I want a function that can take a list, use each element as a parameter in a specified function like quadsum, and return a curried function for later use.

I've been trying something to the effect of...

magicalFunctionMaker f [] = (f)
magicalFunctionMaker f (x:xs) = magicalFunctionMaker (f x) xs

With the hope of being able to do this...

magicalFunctionMaker (quadsum) [4,3,2]

Getting a curried function like...:

(((quadsum 4) 3) 2)

Or, alternatively, call:

magicalFunctionMaker (quadsum) [4,3,2,1]

Resulting in...

((((quadsum 4) 3) 2) 1)

Is this possible? How misguided am I?

+1  A: 

Not going to work I think. (((quadsum 4) 3) 2) has a different type Intger -> Integer for instance than ((((quadsum 4) 3) 2) 1) which has a type of Integer.

+6  A: 

I think you are misunderstanding the Haskell type system.

First of all, your "quadsum" function is curried already. You can write "quadsum 4 3" and get back a function that expects the 2 and the 1 as extra arguments. When you write "quadsum 4 3 2 1" that is equivalent to "((((quadsum 4) 3) 2) 1)".

In Haskell a list of integers has a different type to an integer or a tuple such as "(4,3,2,1)". Given this, it is rather difficult to understand what you are trying to do. What is supposed to happen if you write this?

magicalFunctionMaker quadsum [5,4,3,2,1]

Your "magicalFunctionMaker" looks rather like "foldl", except that the function you give to foldl only takes two arguments. So you can write:

mySum = foldl (+) 0

This returns a function that takes a list and sums the elements.

(BTW, once you grok this, learn about the difference between foldl and foldr.

Edit:

Having re-read your question, I think you are trying to get:

magicalFunctionMaker quadSum [4,3,2,1] :: Integer
magicalFunctionMaker quadSum [4,3,2] :: Integer -> Integer

This is impossible because the type of magicalFunctionMaker would depend on the length of the list argument, which would imply dynamic typing. As someone said, polyvariadic functions can do something approaching this (although not with a list argument), but that requires quite a few milli-olegs of type hackery.

Paul Johnson
+1  A: 

You can't even list the cases for different length "manually":

mf f [] = f
mf f [x] = f x
mf f [x,y] = f x y

--Occurs check: cannot construct the infinite type: t = t1 -> t
--Probable cause: `f' is applied to too many arguments
--In the expression: f x
--In the definition of `mf': mf f [x] = f x

That means mf can't take a function of arbitrary "arity", you have to decide for one. For the same reason you can't convert an arbitrary list to a tuple: You can't say how many elements the tuple will hold, but the type system needs to know.

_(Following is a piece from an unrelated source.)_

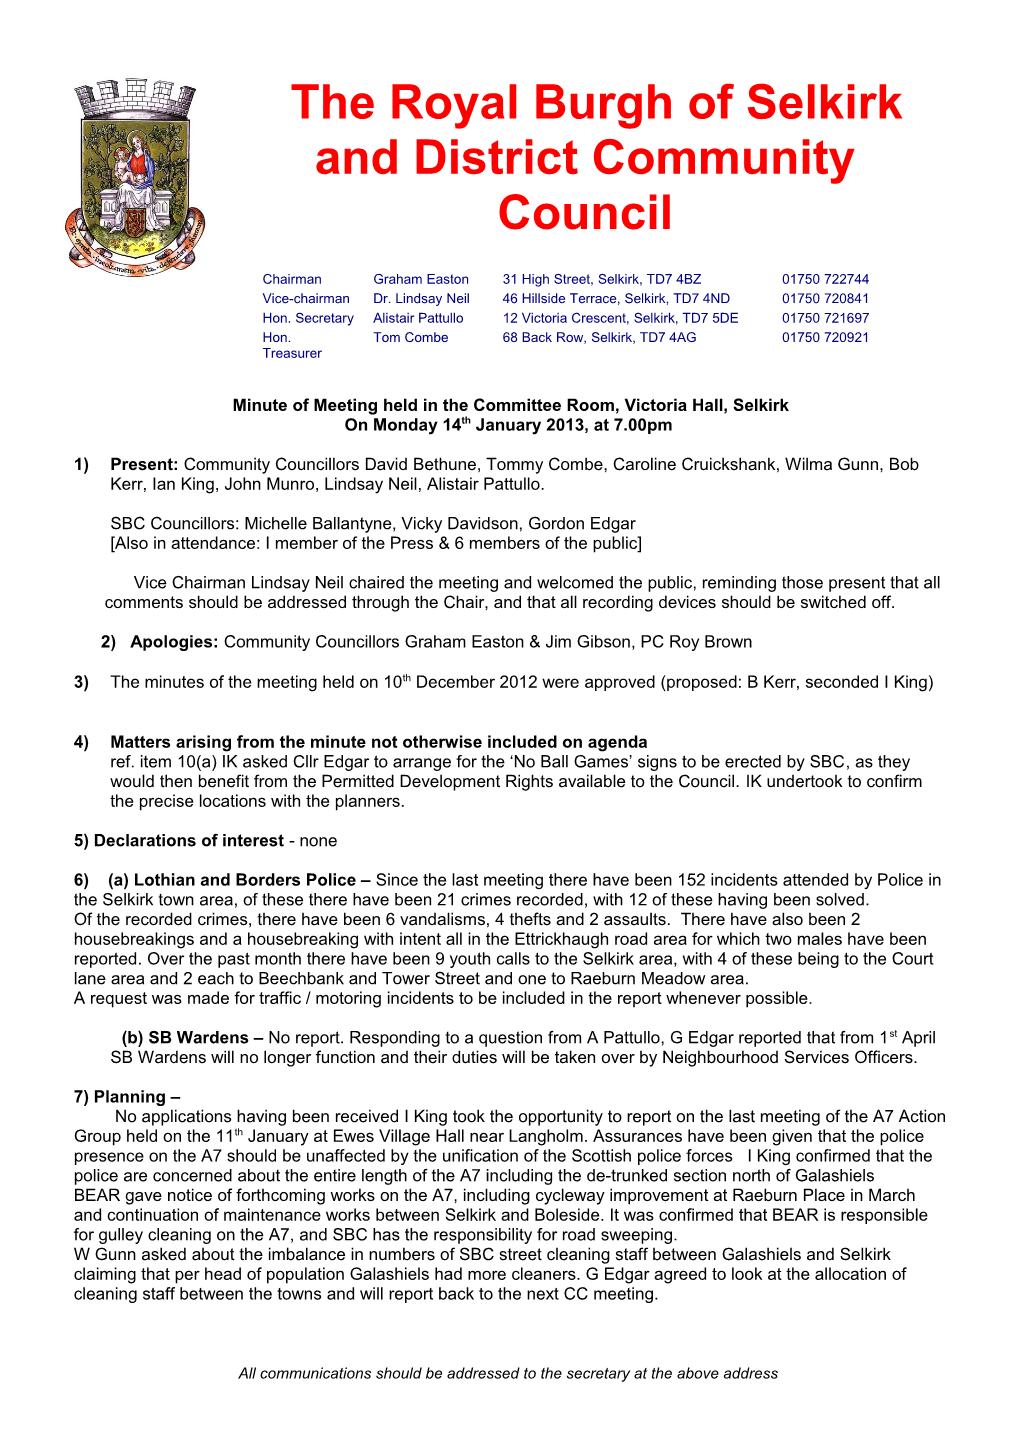 The Royal Burgh of Selkirk and District Community Council s3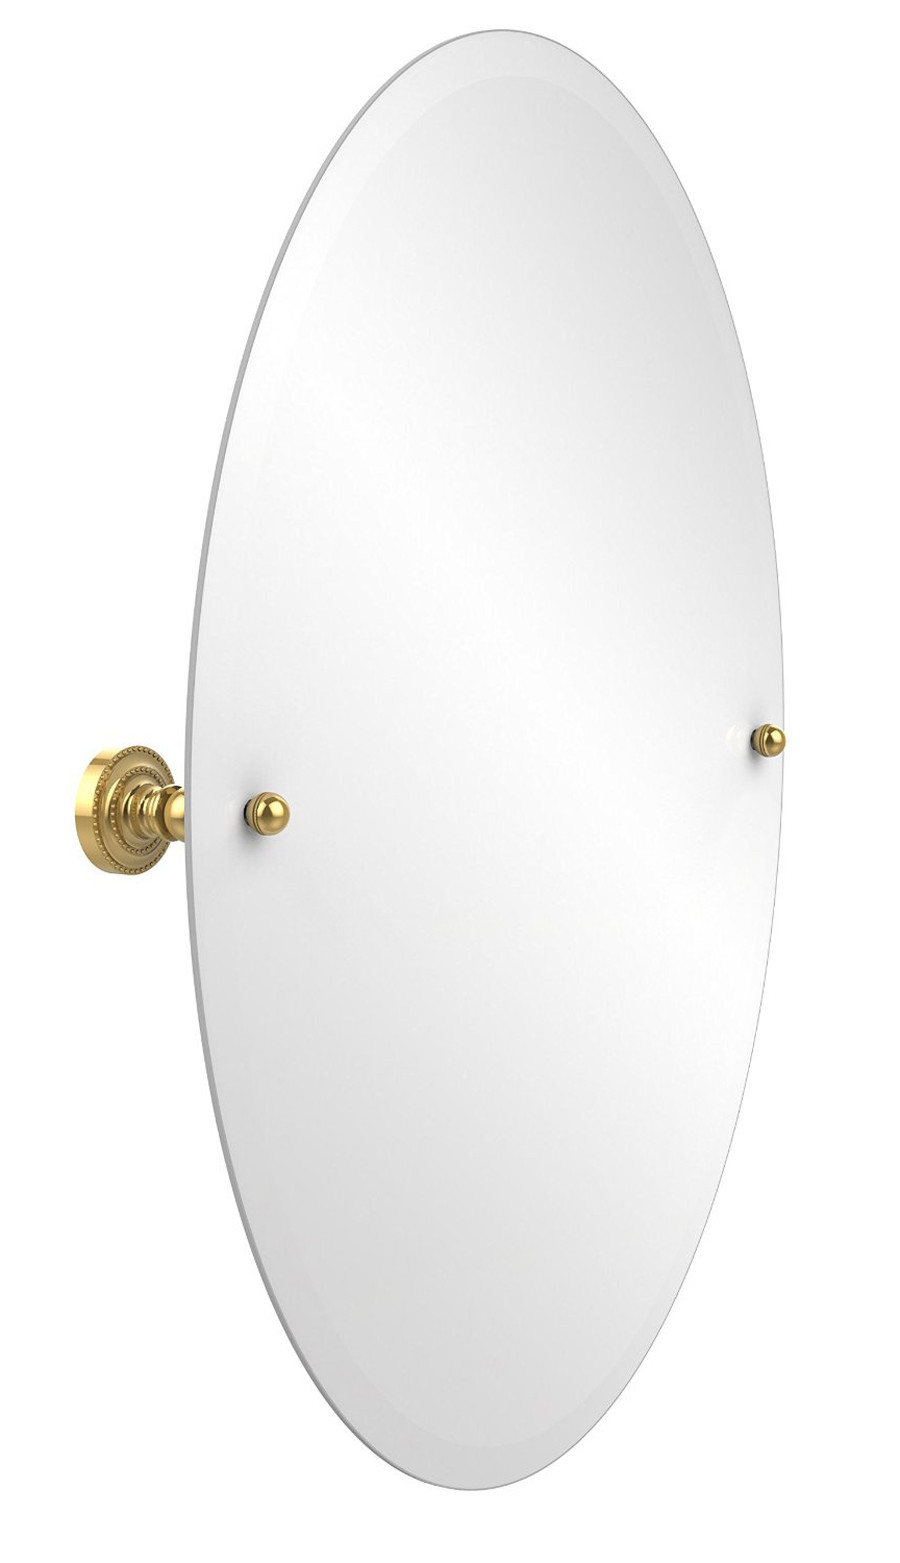 Allied Brass DT-91-PB Oval Tilt Mirror with Beveled Edge in Polished Brass

There might be a solution by limiting f to a recursive type a = a -> a by using "forall" (see http://www2.tcs.ifi.lmu.de/~abel/fomega/hm.html). However, I couldn't get it working (it seems I have to tell Leksah to use the flag -XRankNTypes somewhere), and that restriction on f would make your function pretty useless.

[edit]

Thinking about, the closest thing to what you want is probably some kind of reduce function. As Paul pointed out, this is similar to foldl, foldr... (but the version below is without "extra argument" and with a homogenous type compared to foldl. Note the missing base case for empty lists)

mf :: (a → a → a) -> [a] -> a
mf f [x] = x
mf f (x:y:xs) = mf f ((f x y) : xs)
Landei
+2  A: 

Paul Johnson's answer pretty much covers it. Just do

quadsum 4 3 2

and the result will be the function you want, with type Integer -> Integer.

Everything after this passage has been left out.